The Basel Committee's prudential standard for cryptoasset exposures (SCO60) assigns Bitcoin a 1,250% risk weight under Group 2b, the most punitive classification in the entire capital framework. This treatment is a category error. It applies a tool designed for opaque, unrateable securitization tranches to a transparent, globally traded, zero-counterparty-risk asset whose risks (volatility, liquidity, operational) are measurable, hedgeable, and already addressable through existing Basel market-risk and operational-risk frameworks.

The 1,250% weight, in effect, serves less as an objective assessment of risk, but as a normative judgment against Bitcoin laundered through the language of prudential regulation.

A 1,250% risk weight, multiplied by the 8% minimum capital ratio, produces a capital requirement equal to 100% of the exposure: dollar for dollar.
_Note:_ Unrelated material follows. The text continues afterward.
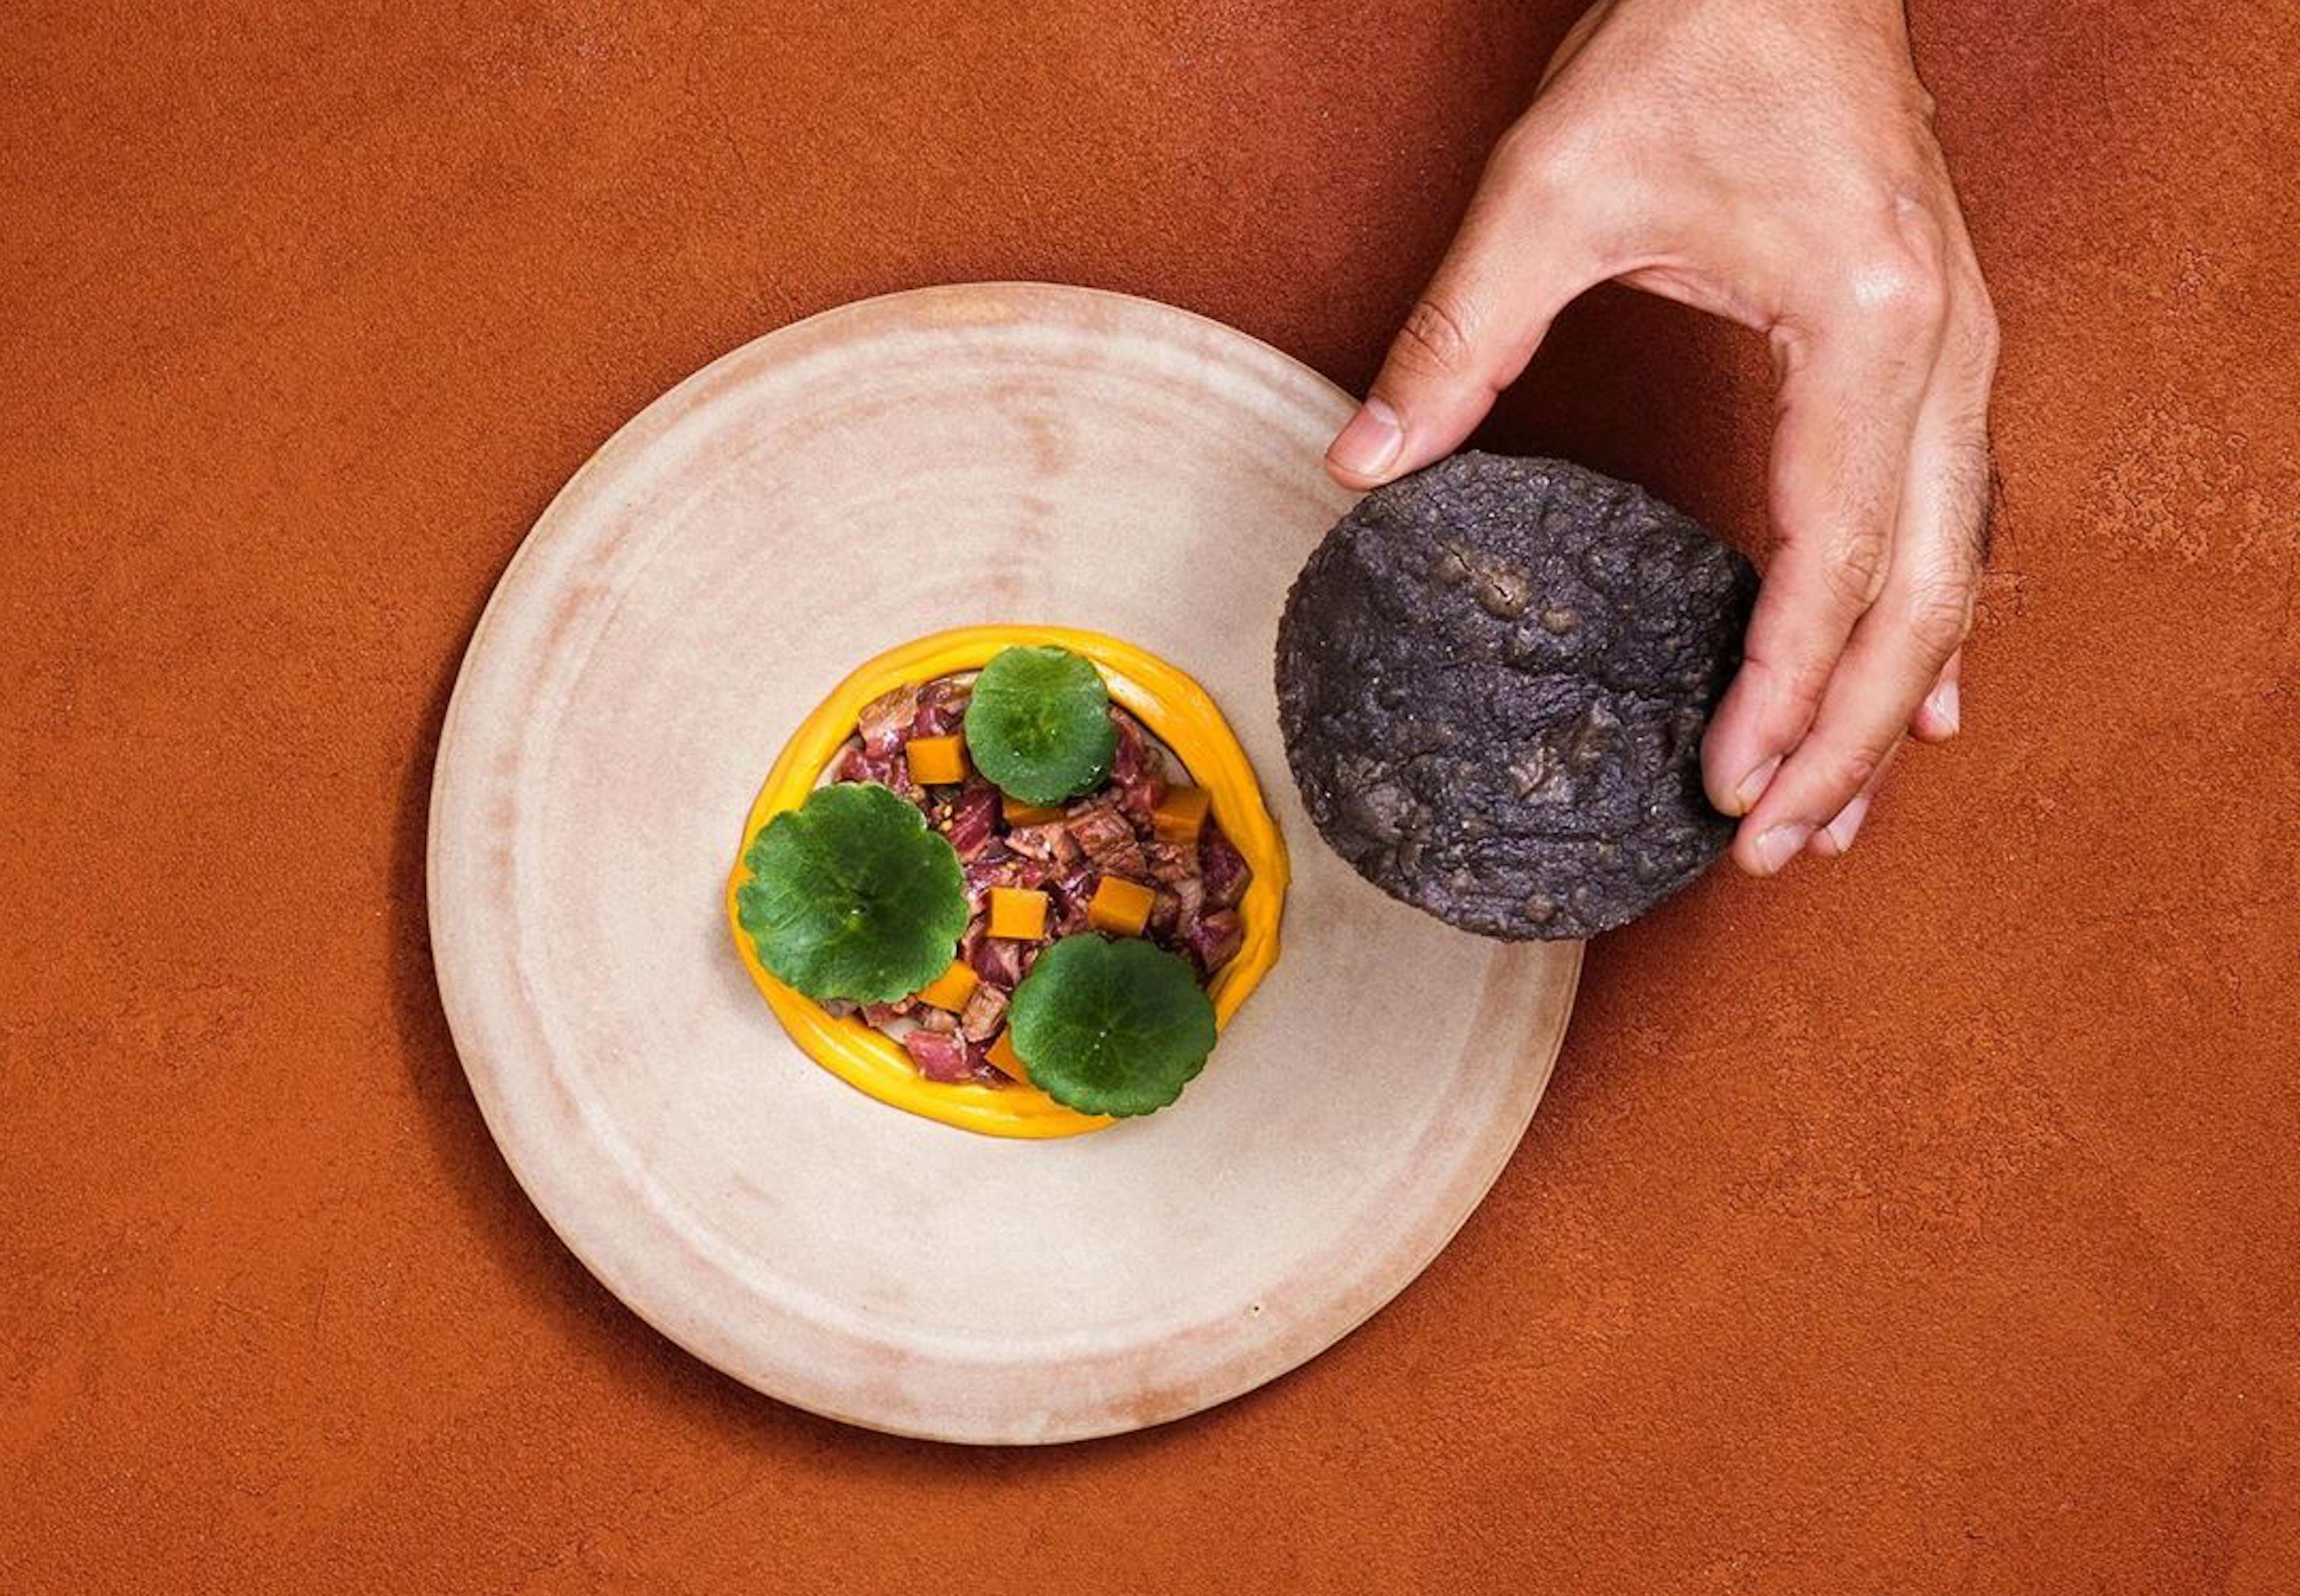 London’s biggest and best new restaurant openings of 2020 include Kol by Santiago Lastra, which serves Mexican dishes like this cured lamb leg tostada with fermented gooseberries and guajillo chilli

With buffers and internal targets, the effective requirement exceeds the exposure. A bank holding $100 million in Bitcoin must allocate $100 million or more in capital against a position that generates no yield. Under any reasonable hurdle rate, this is functionally equivalent to a capital deduction: the business case for regulated-bank Bitcoin intermediation is dramatically harmed, if not eliminated entirely.

When the capital framework makes bank intermediation uneconomic, Bitcoin services suffer. American capital markets are renowned worldwide for the depth, sophistication, and regulatory credibility of their financial services. Yet those services are artificially constrained from extending to an asset class that now supports over 150 companies holding over 1.1 million bitcoin worth $78 billion in corporate Bitcoin treasury holdings, hundreds of billions in annual trading volume, and a mature derivatives complex. The result is a widening gap between the demand for regulated Bitcoin services and the banking system's ability to supply them.

We recommend three tiers of reform:

Immediate — clarify that pure agency custody is capitalized under the operational risk framework and provide a supervisory pathway for limited Bitcoin intermediation.

Medium-term — replace the fixed 1,250% default with a conservative FRTB-based market-risk approach plus operational-risk add-ons, and substitute graduated concentration limits for the binary 2% cliff.

Long-term — create a "non-issuer digital commodity" category with capital determined by measurable risk dimensions rather than technology labels.